SUPPLIED ENTRIES:
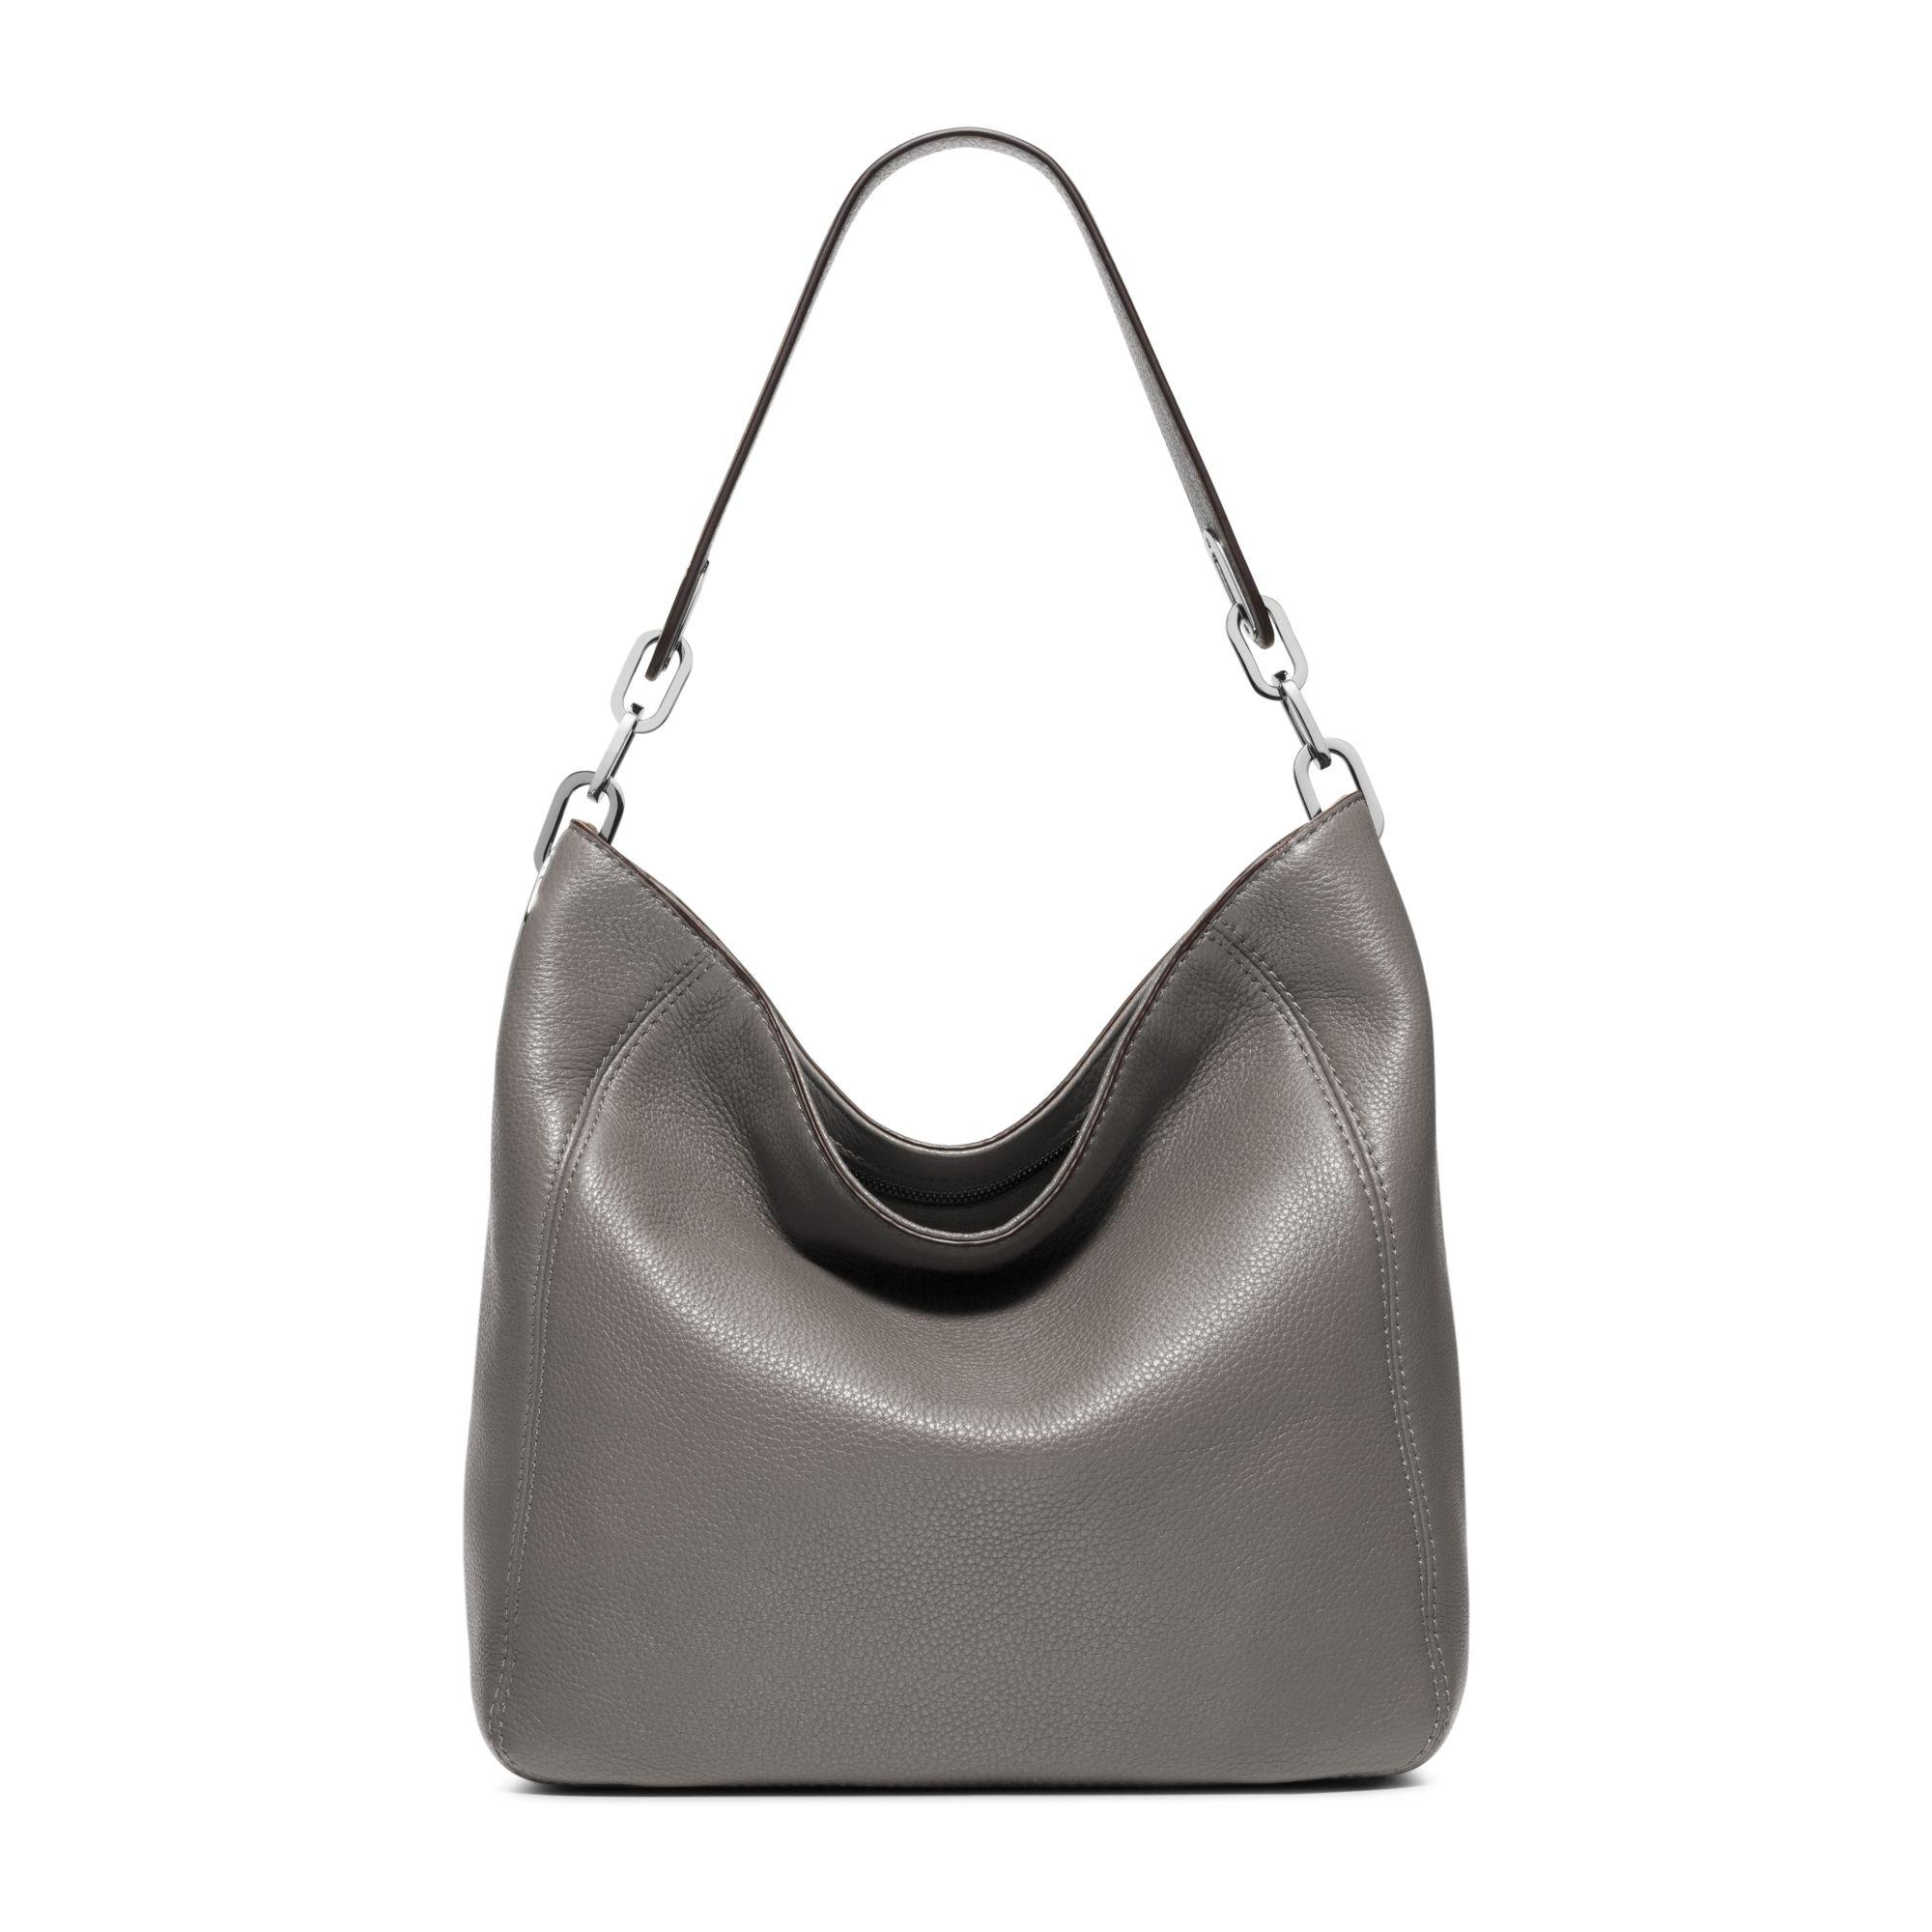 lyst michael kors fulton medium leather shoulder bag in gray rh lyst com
...
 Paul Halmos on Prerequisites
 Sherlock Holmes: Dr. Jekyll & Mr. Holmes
==
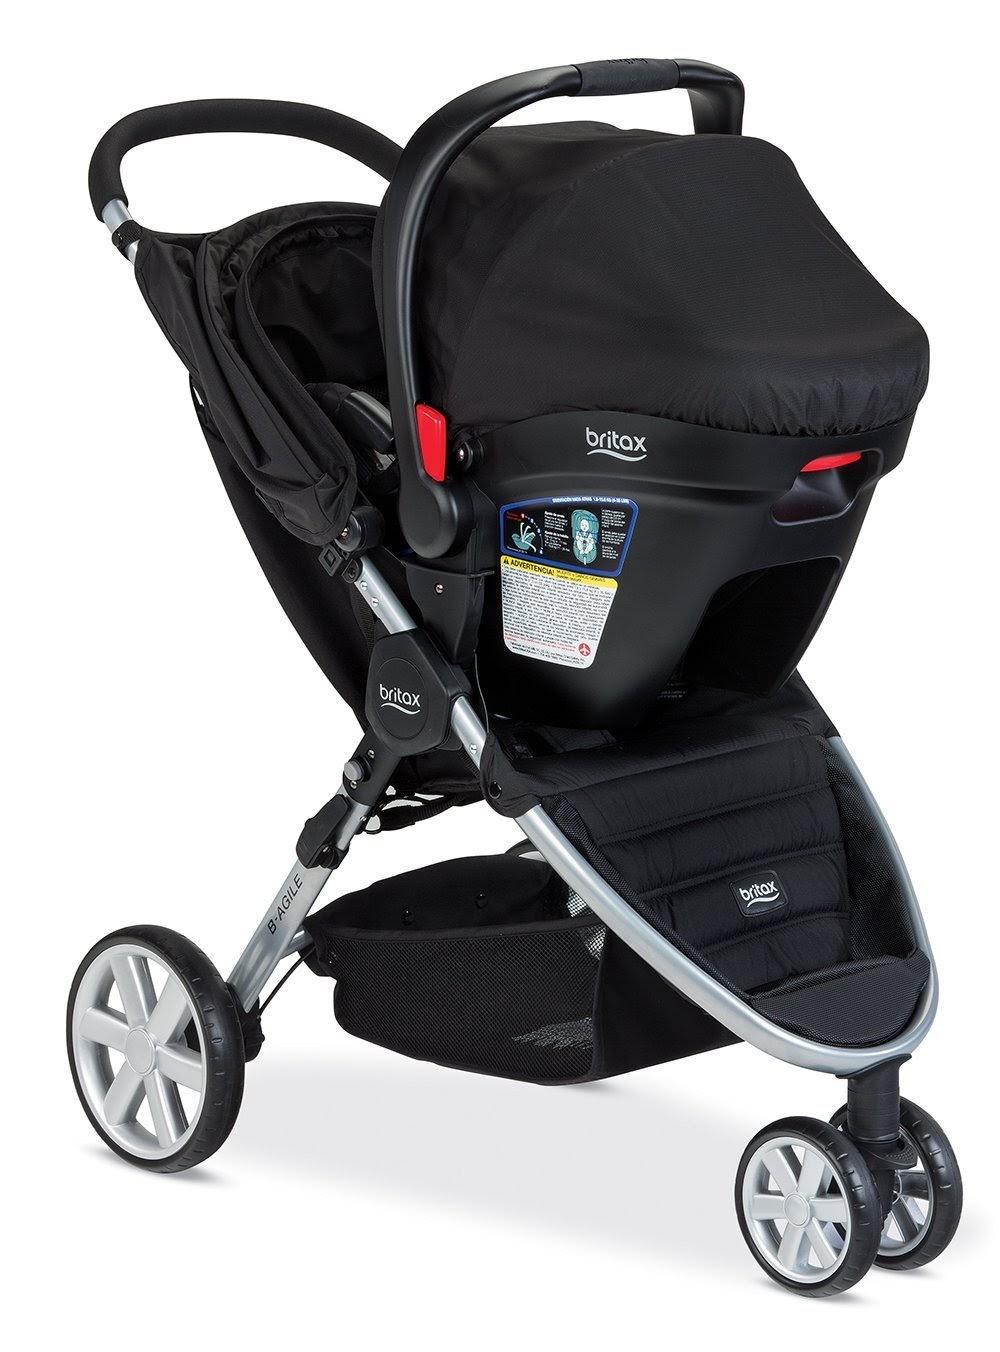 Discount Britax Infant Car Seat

PROBLEM REQUIREMENTS: Above are the records; repeat exactly the lines from the one holding "Paul Halmos on Prerequisites" down to the one holding "Sherlock Holmes: Dr. Jekyll & Mr. Holmes", end lines included.

YOUR RESPONSE:
 Paul Halmos on Prerequisites
 Sherlock Holmes: Dr. Jekyll & Mr. Holmes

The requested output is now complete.